Лётчик похлопал себя по груди и по бёдрам.
– Руки есть, ноги тоже есть. И башка есть, – сказал он.
– А кровь откуда? – спросил я, показывая на снег.
– Кровь? – Лётчик посмотрел на снег и повторил растерян но: – Кровь?.. Да, кровь.
Но тут я сам увидел кровь на его валенке. Очевидно, он был ранен в левую ногу.
– Снимай валенок, – сказал я.
– Да ни черта! – махнул рукой лётчик.
– Сейчас – ни черта, а потом – без ноги! – крикнул я. – Садись!
Лётчик сел в снег, и я стал стягивать с него валенок.
– Больно? – спросил я. Мне важно было знать, задета ли кость.
– И ничего не больно, – буркнул лётчик.
В валенке скопилось много запёкшейся крови. Я завернул штанину. Рана была небольшой. Бинт оказался у лётчика в сумке. Я перевязал рану и укутал ногу.
– Теперь пойдём в санбат, – сказал я. – Вдвоём мы тебя доведём. Это рядом. Километра три.
– Никуда я не пойду, – ответил лётчик. – Что вы, в уме – машину бросить? Идите-ка лучше сами, пусть полуторку пришлют да бойцов, охрану поставить.
– Ладно, – сказал я. – Ольшанский останется здесь. – Мефистофель кивнул. – А за тобой приедут через полчаса.
Мы уложили лётчика на снегу под мотором, и я зашагал по направлению к санбату.
Холодный ветер крепчал с каждой минутой, и было трудно устоять на льду.

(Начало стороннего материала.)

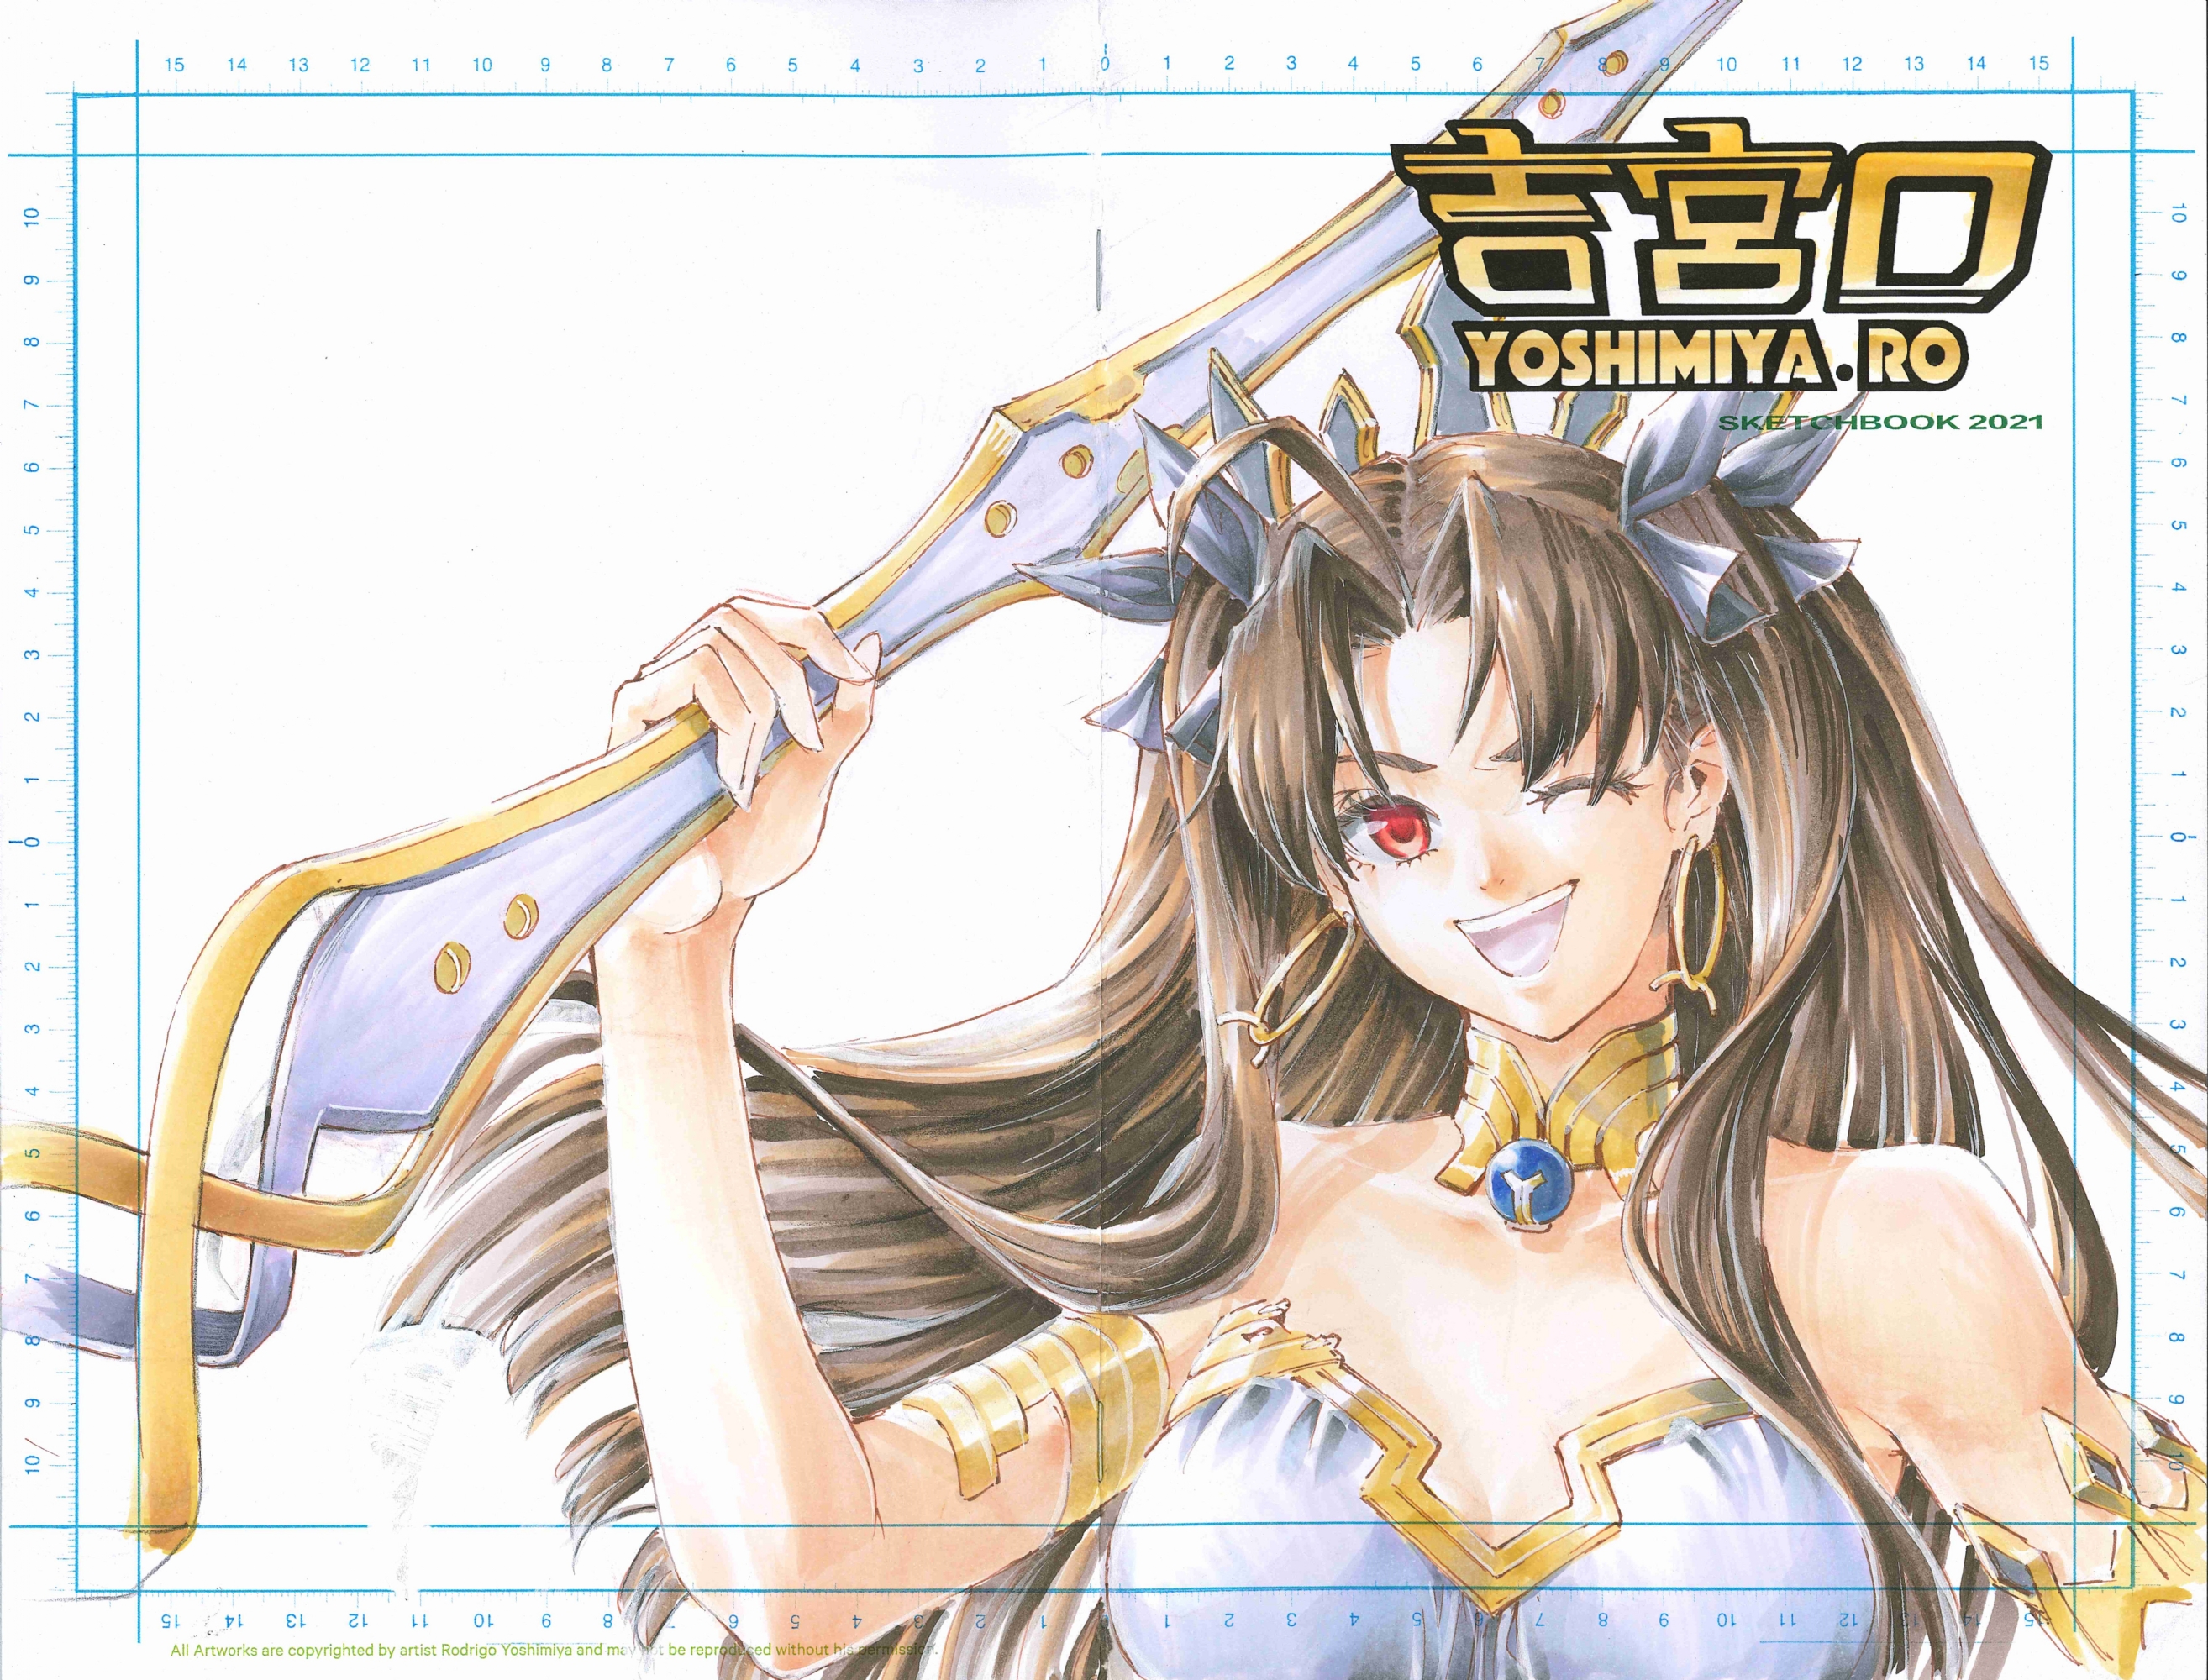 Fate/Grand Order - Absolute Demon Battlefront: Babylonia] Mouse Pad Design  06 (Ishtar) (Anime Toy) Hi-Res image list

Я прошёл около километра и увидел полуторку, которая, громыхая цепями, неслась мне навстречу. Когда она была уже близко от меня, я рассмотрел красный крест на переднем стекле. Я поднял руку, и машина, поравнявшись со мной, замедлила ход.
– Там лётчик раненый! – крикнул я.
– Знаем! – ответил из кабины женский голос, и машина снова понеслась.
Идти было очень трудно. Поднялся штормовой, ледяной ветер. Трассу заносило снегом. Я шёл сквозь туман. Валенки мои проваливались в сугробы и снег набивался за голенища. За лётчика я был теперь спокоен. Через несколько минут машина будет у самолёта. Очевидно, в санбате видели, как он снизился, и выслали машину.
Теперь я уже не думал о лётчике. Я думал о Лиде. Уже не сдерживал себя, а шёл и повторял: «К ней, к ней…» – и мне было легче идти.
Наконец я увидел большую санитарную палатку. Она стояла в стороне от трассы. Было уже темно. У входа лежали на снегу розовые отблески, – очевидно, в палатке топилась печь. Я приподнял мокрый от снега полог и вошёл.
У входа действительно топилась печурка, а дальше в полумраке я увидел людей, сидящих на топчане.
Я поздоровался и для проверки прежде всего сказал о лётчике.
– Знаем, знаем, – ответил мне кто-то из полумрака, – уже машина пошла.
Значит, всё было в порядке.
Теперь я различал сидящих на топчане людей. Их было двое: военврач третьего ранга и военфельдшер. Они пили чай. Я представился, и военврач налил мне кружку чаю.
– Согревайтесь, – сказал он. – Ну, как там, на Большой земле?
Я пил, обжигаясь, горячий чай и рассказывал о Большой земле. Они, сидящие здесь, на льду, были «буфером» между Большой землёй и Ленинградом. Для них было одинаково интересно и то, что происходит в Питере, и то, что происходит там, за Ладогой.
А потом я спросил, стараясь говорить как можно спокойнее, не знают ли они, где работает… я назвал фамилию.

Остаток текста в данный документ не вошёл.